Pfizer Inc. agreed to pay $14.5 million to settle a lawsuit brought by two whistle-blowers who claimed the company improperly marketed its bladder-control drug Detrol.
The whistle-blowers, former sales representatives David Wetherholt and Marci Drimer, sued Pfizer in federal court in Boston in 2006, claiming the company cheated Medicaid, the state-administered, federal health-care program for low-income people, by pushing Detrol for a prostate condition. The suit was filed under the False Claims Act on behalf of the U.S. and multiple states.
Pfizer will pay $14.5 million to the U.S. government, 49 states and the District of Columbia, Thomas M. Greene, a lawyer for the whistle-blowers, said today in a statement. The ex-Pfizer employees will receive 27 percent of the federal portion of the recovery, or about $3.3 million, he said.
“The plan to market Detrol off-label to new patient populations was hatched by a marketing team, not by research and development,” Greene said in an interview. “Instead of asking, ‘Who will Detrol help?’ or even, ‘How does Detrol work?’ the question became, ‘Who can we convince to buy Detrol?’”
Pfizer denied any wrongdoing. The New York-based company settled the lawsuit on “favorable terms,” it said today in a statement.
“This settlement allows Pfizer to avoid the cost and distraction of litigation and put this matter behind us,” the company said.
Pfizer, the world’s largest drugmaker, paid $2.3 billion in 2009 to settle U.S. investigations into improper marketing of its Bextra painkiller and other drugs.

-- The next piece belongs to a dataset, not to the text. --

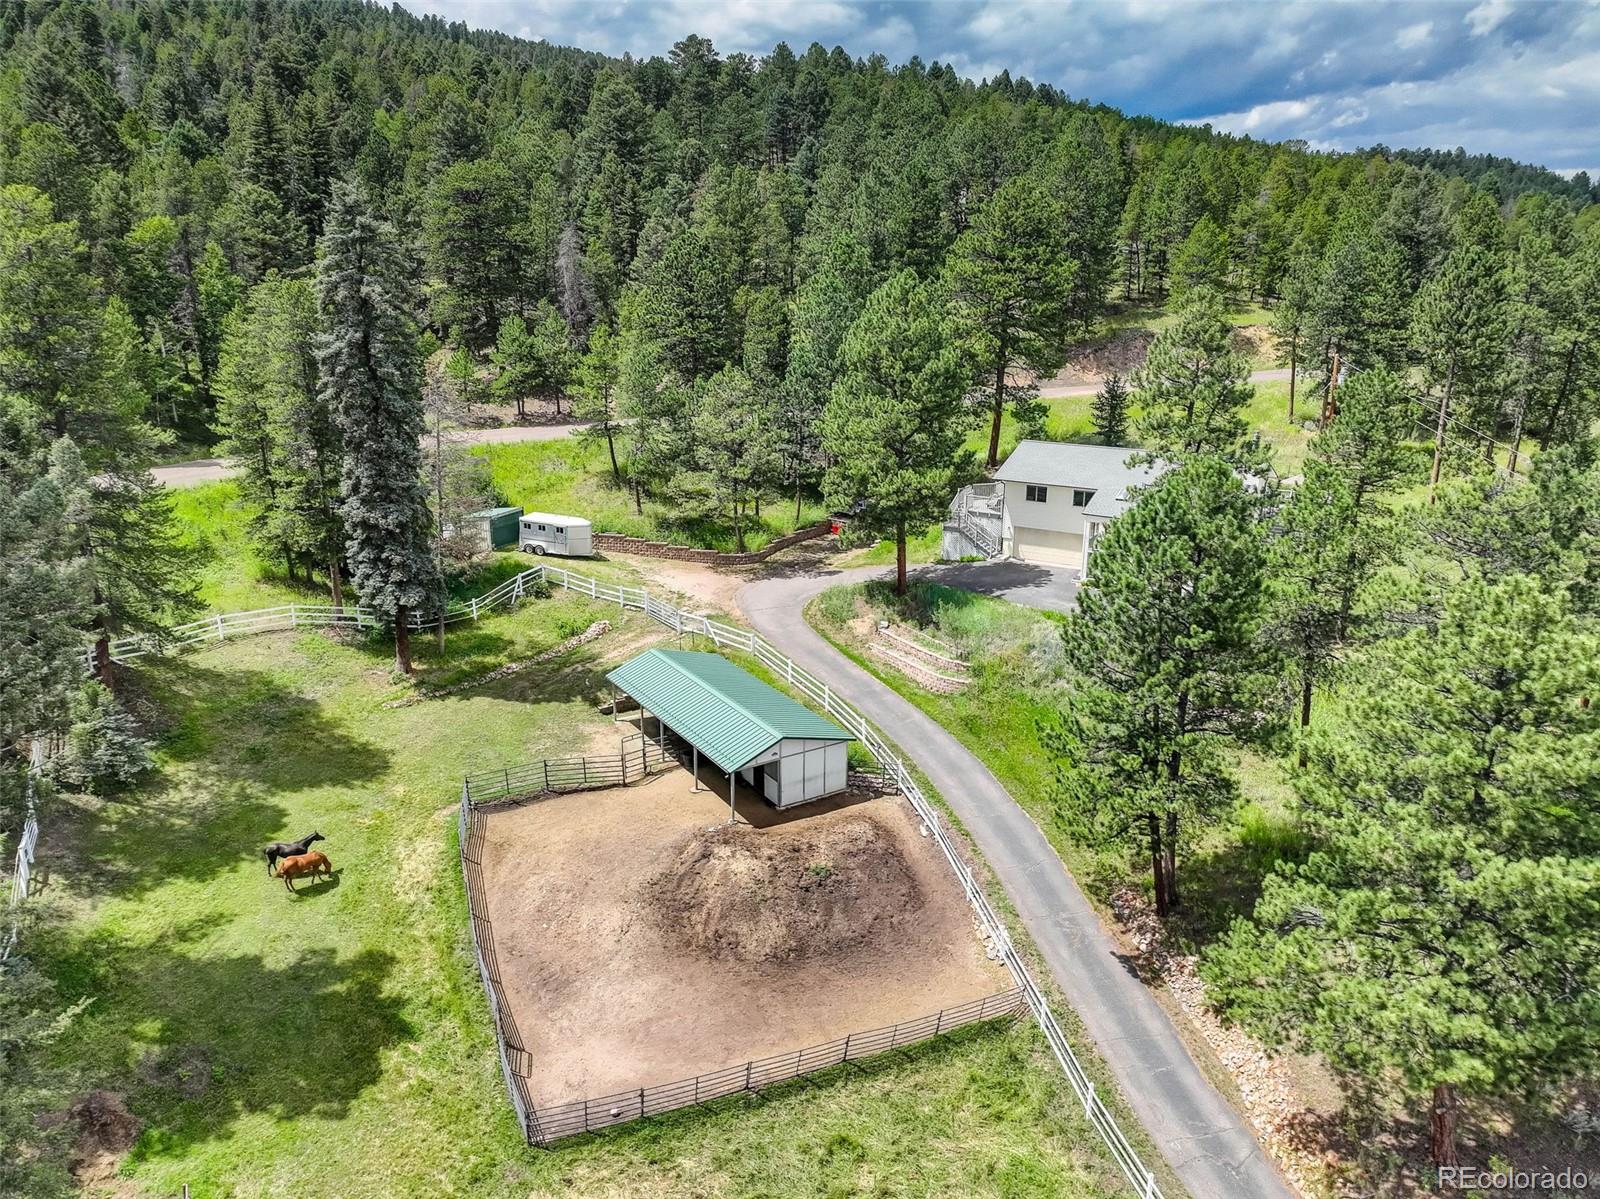 12079  tecumseh trail, Conifer sold home. Closed on 2024-02-01 for $800,000.

The Detrol claim was the last of the False Claims Act cases connected to these suits, the company said.
The U.S. declined to intervene, or join, the Detrol lawsuit in 2009. The whistleblowers pursued the claim on their own after that decision, Greene said.
The former Pfizer sales representatives claimed that the company marketed Detrol, approved for treatment of overactive bladder conditions, for an additional, unapproved, use, in violation of federal regulations.

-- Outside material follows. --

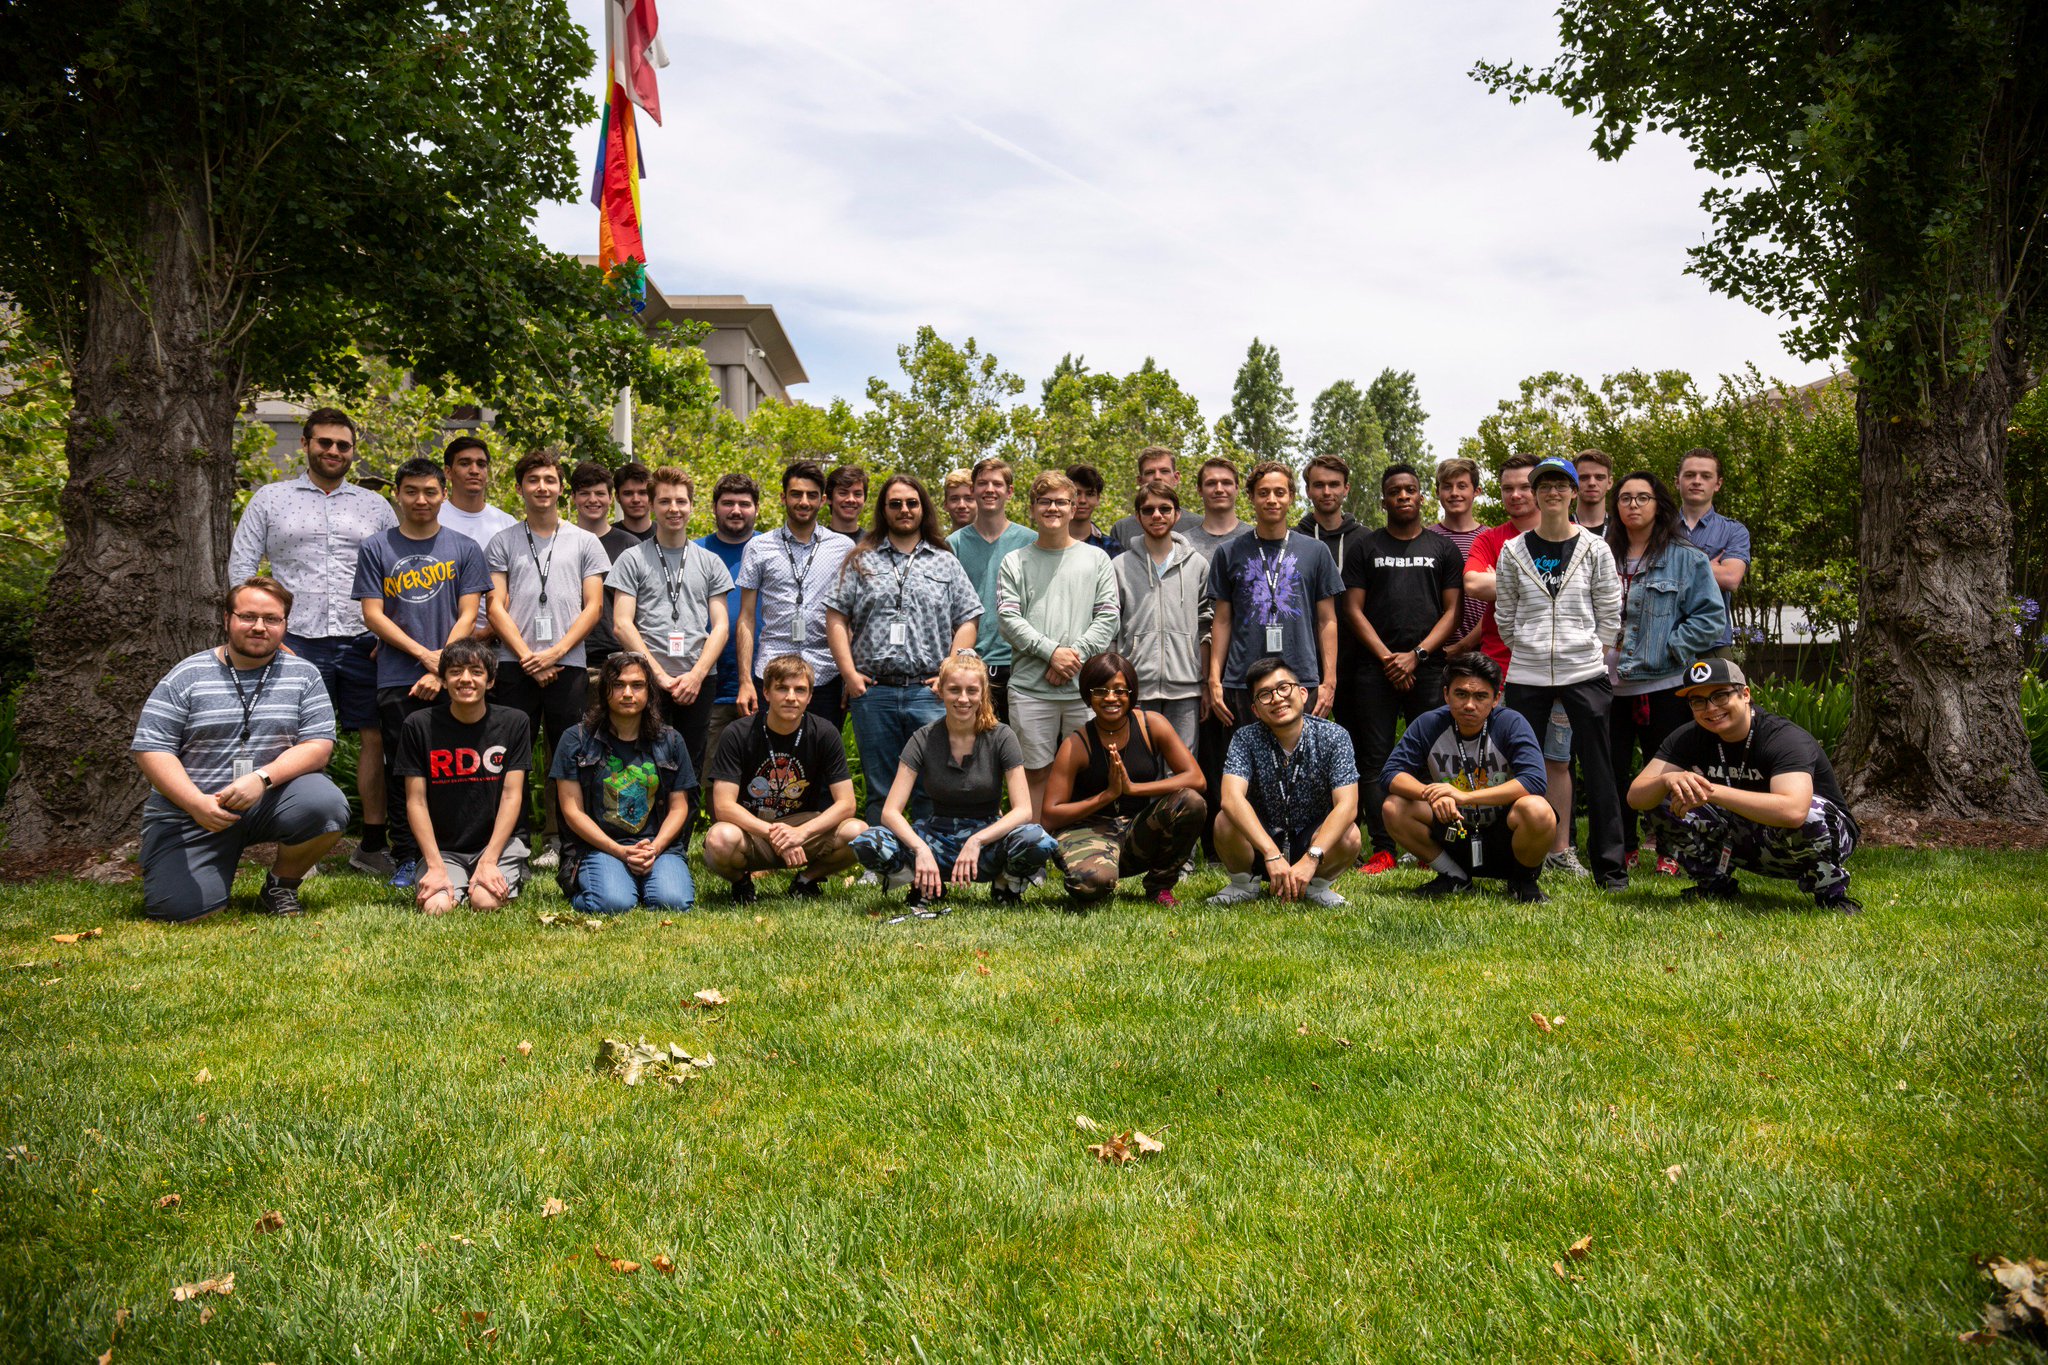 Roblox Developer Relations On Twitter Say Hello To Our Complete Class Of Summer 2019 Accelerators Can T Wait To See What Games This Talented Group Will Create Roblox Robloxdev Https T Co Iawimrjzd4 - roblox developers page 647

Pfizer encouraged prescriptions for patients who have an impeded flow of urine caused by a condition called benign prostatic hyperplasia, the whistle-blowers claimed.
“Pfizer intentionally embarked on a course of unlawful conduct that it knew would lead to the submission by physicians and pharmacists of thousands of Medicaid claims for Detrol uses that were not covered by Medicaid and for which the drug was ineffective,” the whistle-blowers said in their complaint.

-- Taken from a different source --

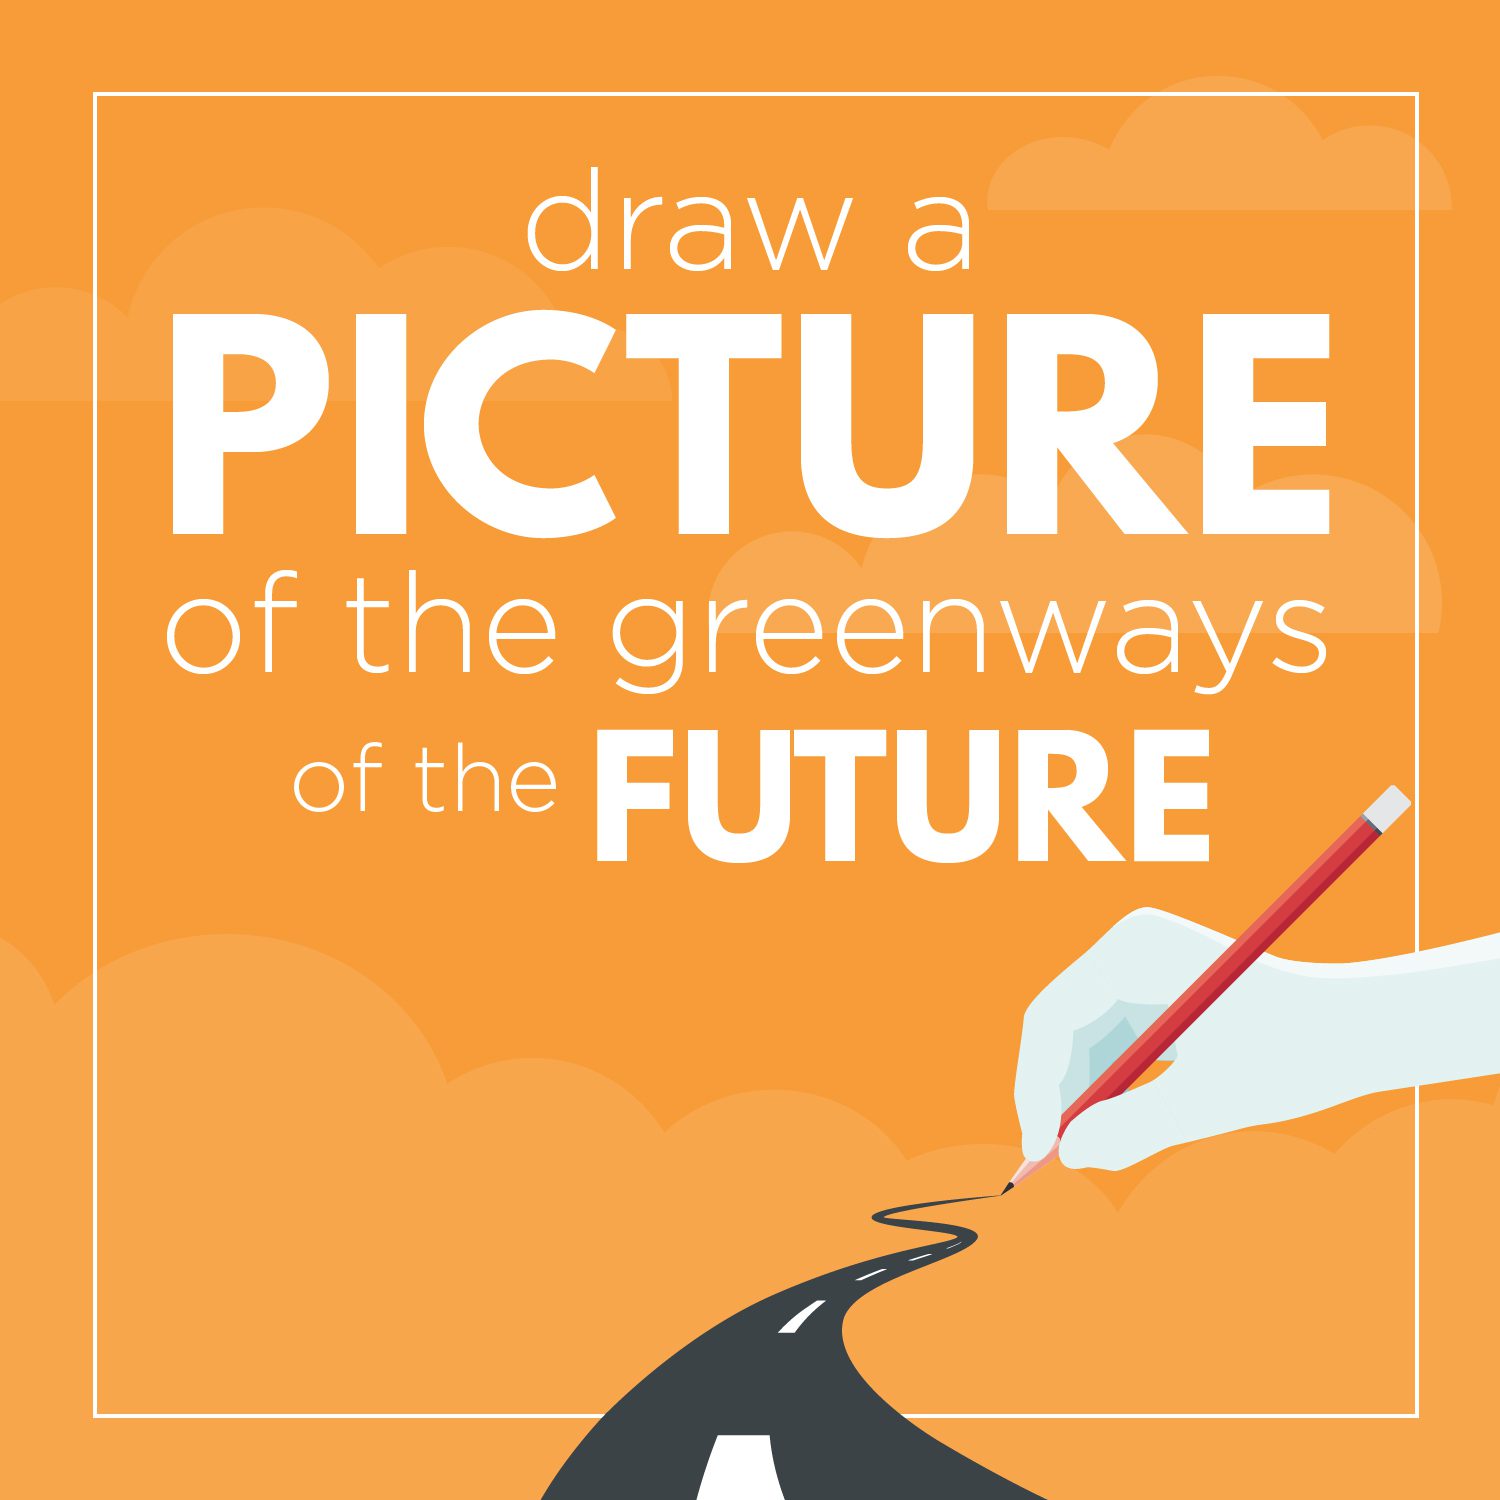 Draw a picture of the greenways of the future

The lawsuit was initially settled in January while the conclusion of the case was delayed as the plaintiffs got agreements from the states, according to court filings.
Wetherholt and Drimer also alleged Pfizer forced them out after they complained about marketing practices. Greene declined to comment on whether their claims of wrongful termination were settled.
Wetherholt and Drimer will also receive an undetermined amount from the $2.62 million portion of the settlement shared by the states, Greene said.
“They will receive a percentage of the state settlements for those states with false claims acts,” he said.
The case is U.S. ex. rel. Wetherholt v. Pfizer Inc., 06-10204, U.S. District Court, District of Massachusetts (Boston).